Thursday, April 17, 2008

bioinformatics

Genetics Encyclopedia: Bioinformatics

Bioinformatics is the use of mathematical, statistical and computer methods to analyze biological, biochemical, and biophysical data. Because bioinformatics is a young, rapidly evolving field, however, it also has a number of other credible definitions. It can also be defined as the science and technology of learning, managing, and processing biological information. Bioinformatics is often focused on obtaining biologically oriented data, organizing this information into databases, developing methods to get useful information from such databases, and devising methods to integrate related data from disparate sources. The computer databases and algorithms are developed to speed up and enhance biological research.

Bioinformatics can help answer such questions as whether a newly analyzed gene is similar to any previously known gene, whether a protein's sequence can suggest how the protein functions, and whether the genes turned on in a cancer cell are different from those turned on in a healthy cell.

Databases and Analysis Programs

A good deal of the early work in bioinformatics focused on processing and analyzing gene and protein sequences catalogued in databases such as GenBank, EMBL, and SWISS-PROT. Such databases were developed in academia or by government-sponsored groups and served as repositories where scientists could store and share their sequence data with other researchers.

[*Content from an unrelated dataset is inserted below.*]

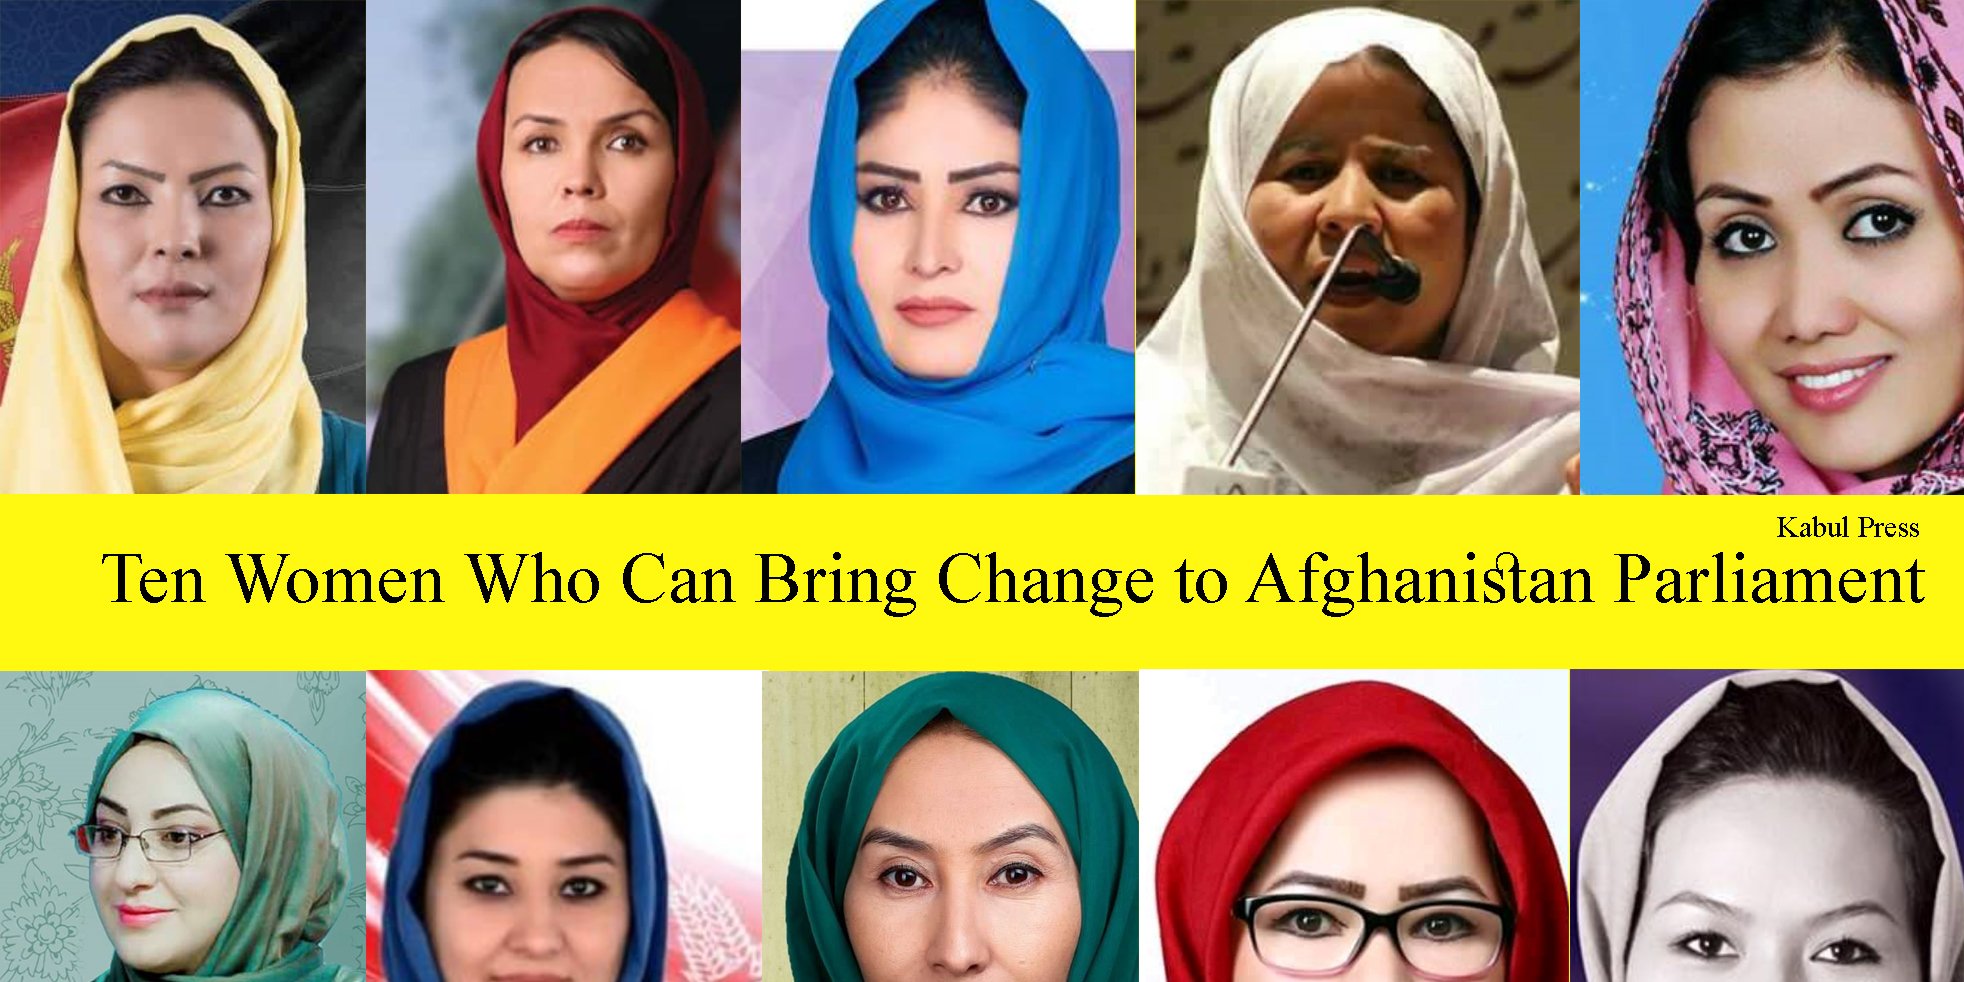 ده زن که می توانند پارلمان را تغییر دهند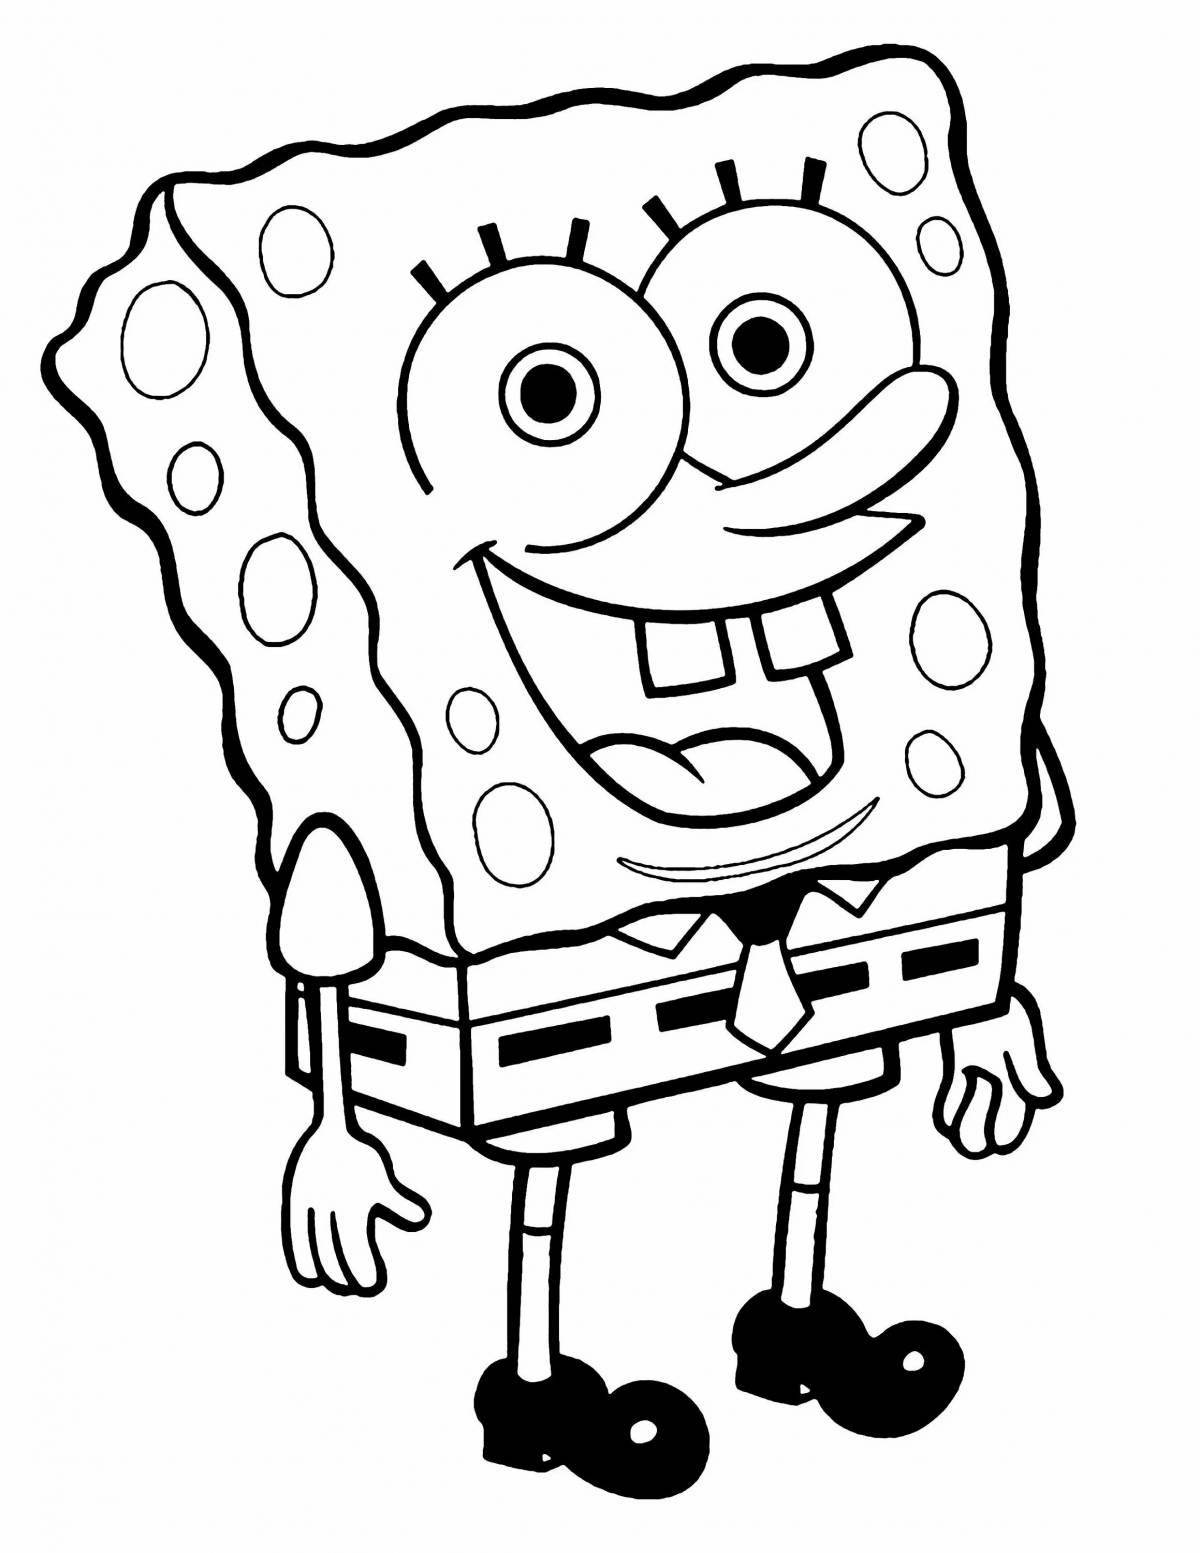 Fun coloring spongebob drawing

With the start of the Human Genome Project in 1990, efforts in bioinformatics intensified, rising to the challenge of handling the large amounts of DNA sequence data being generated at an unprecedented rate. By the midto late-1990s, much of the efforts in bioinformatics centered around genomic data, generated by the Human Genome Project and by private companies, and around proteomic data.

Early analysis of sequence information focused on looking for similarities between genes and between proteins. Algorithms were developed to help researchers rapidly identify similar gene or protein sequences. Such tools were extremely useful for determining whether a newly sequenced piece of DNA was at all similar to sequences already entered in a database. To determine how multiple sequences align and to view their similarities, multiplealignment programs were developed. Such programs helped scientists compare the sequences of closely related genes or compare the sequence of a particular gene or protein as it appears in several species.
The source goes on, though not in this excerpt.